#### COLLECTED MATERIAL:
--------------------------------
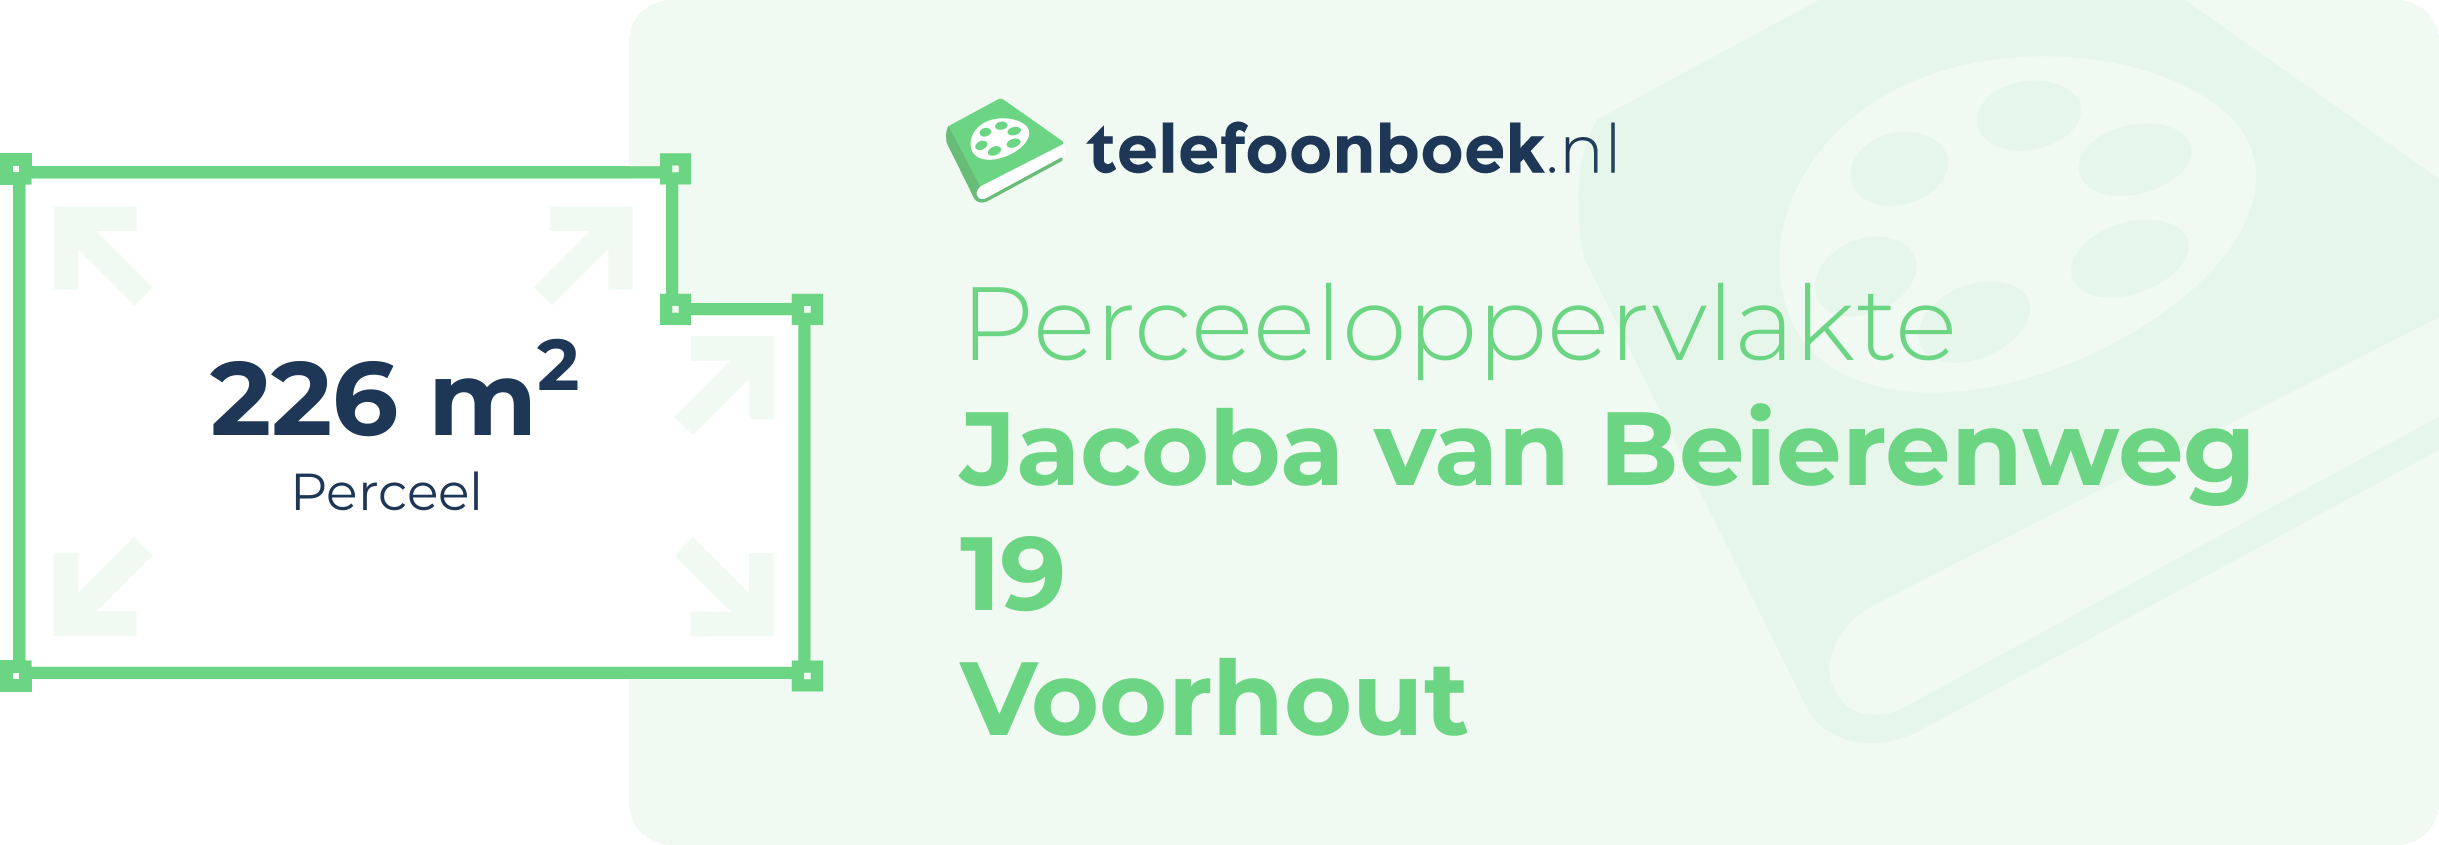 Perceeloppervlakte Jacoba Van Beierenweg 19 Voorhout
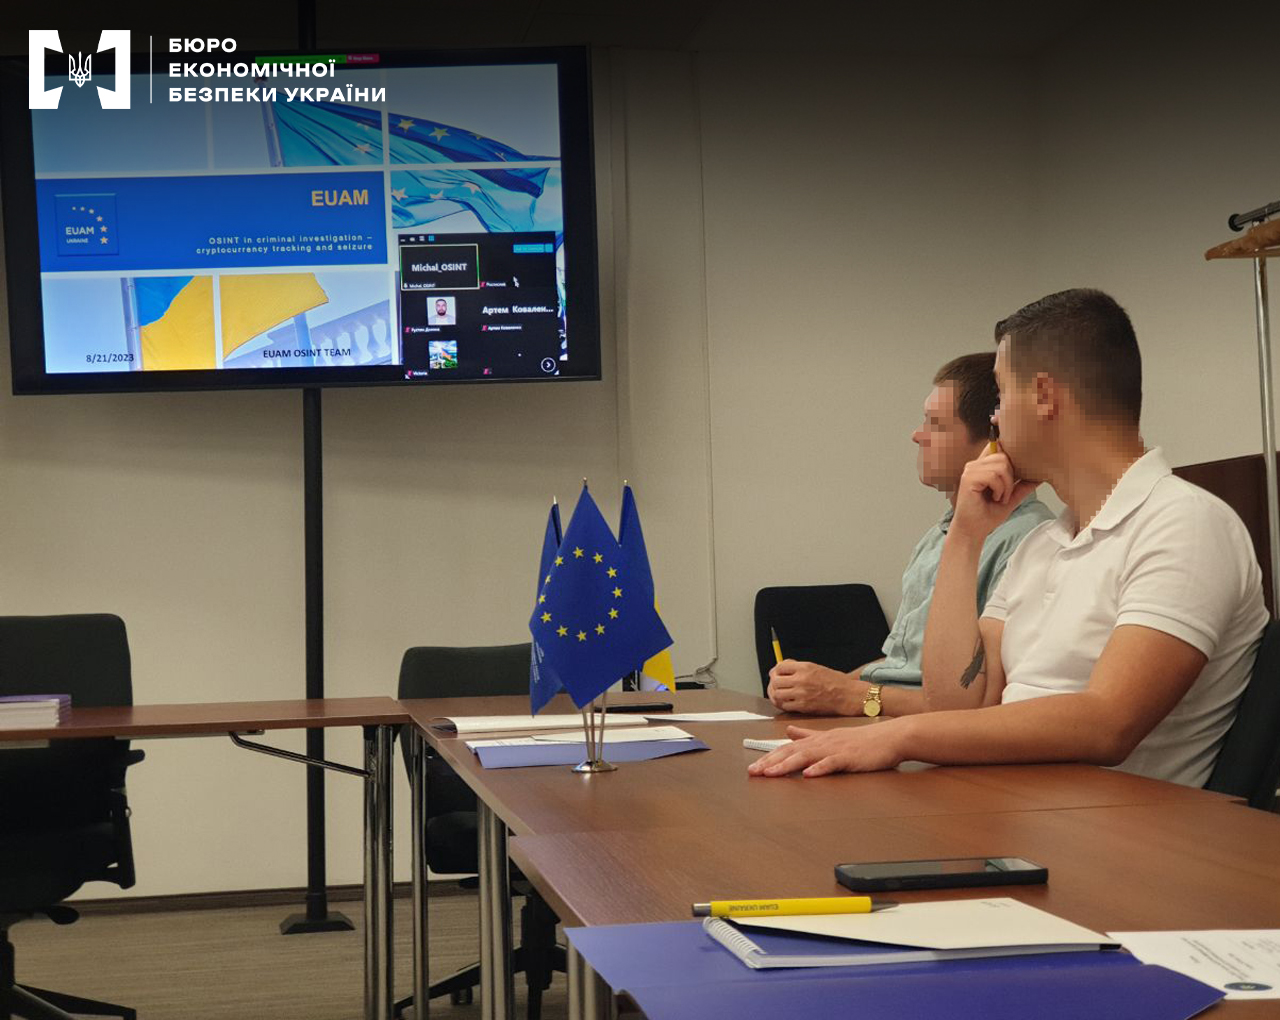 Funcionarios ucranianos en Lviv, Ucrania, asisten a una sesión de capacitación sobre criptomonedas organizada por funcionarios de la UE.
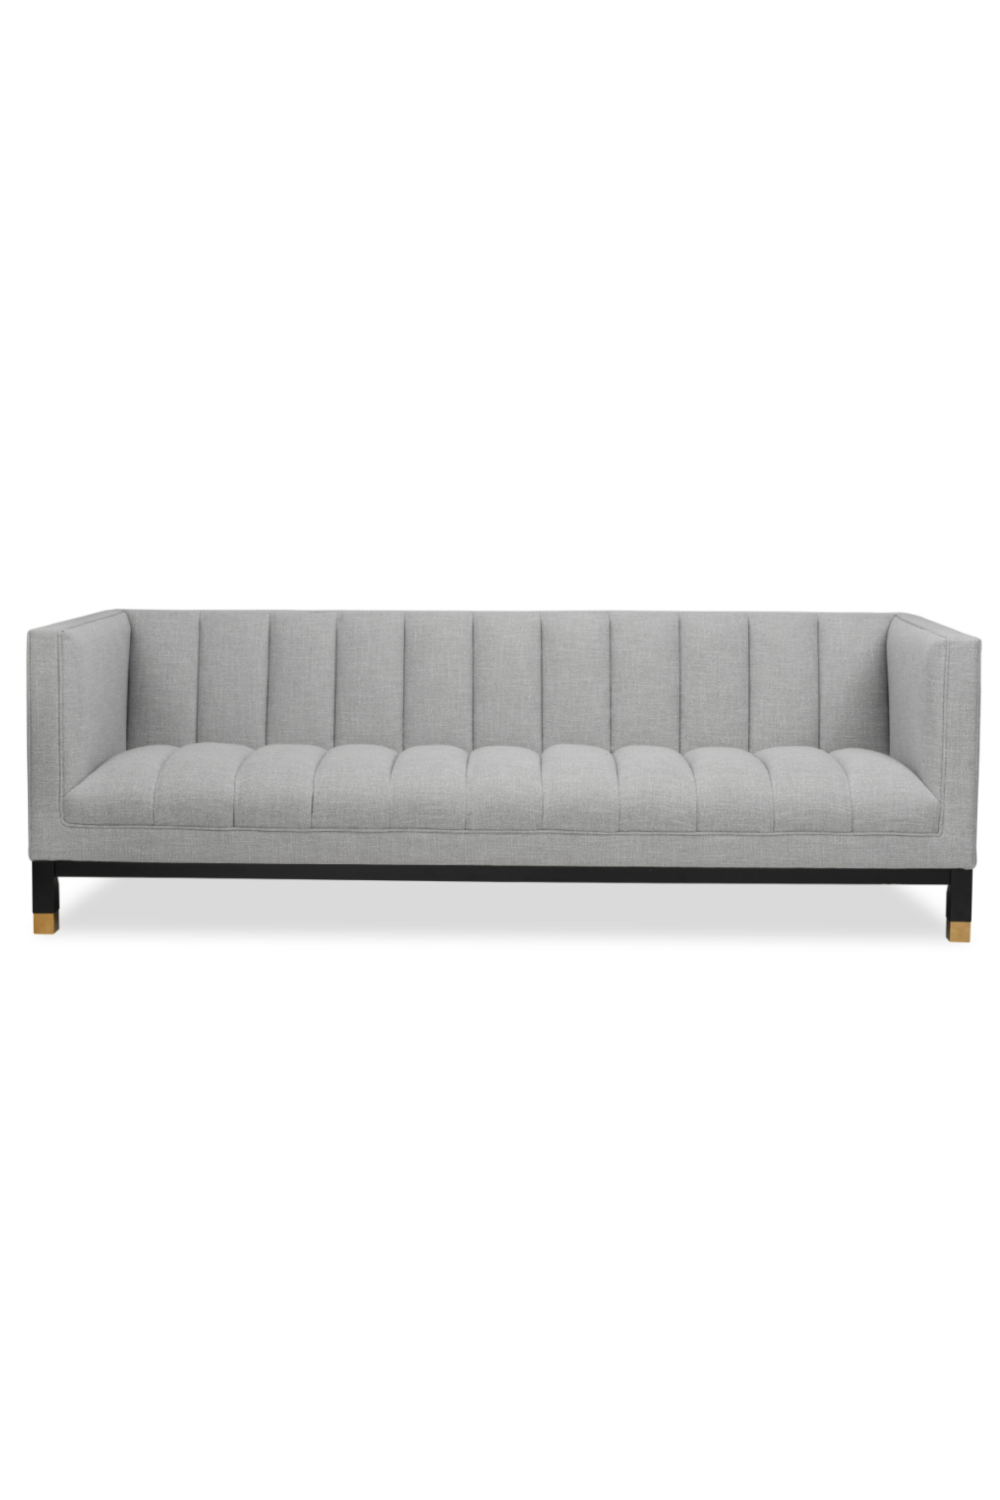 Gray 4-Seater Sofa | Liang & Eimil Gamal | Oroa.com
--------------------------------
#### EXERCISE AIM:
From the line that holds "Funcionarios ucranianos en" to the last line of the data, return those lines exactly and nothing else; both ends count, and pictures stay out.

#### WRITTEN RESPONSE:
 Funcionarios ucranianos en Lviv, Ucrania, asisten a una sesión de capacitación sobre criptomonedas organizada por funcionarios de la UE.
 Gray 4-Seater Sofa | Liang & Eimil Gamal | Oroa.com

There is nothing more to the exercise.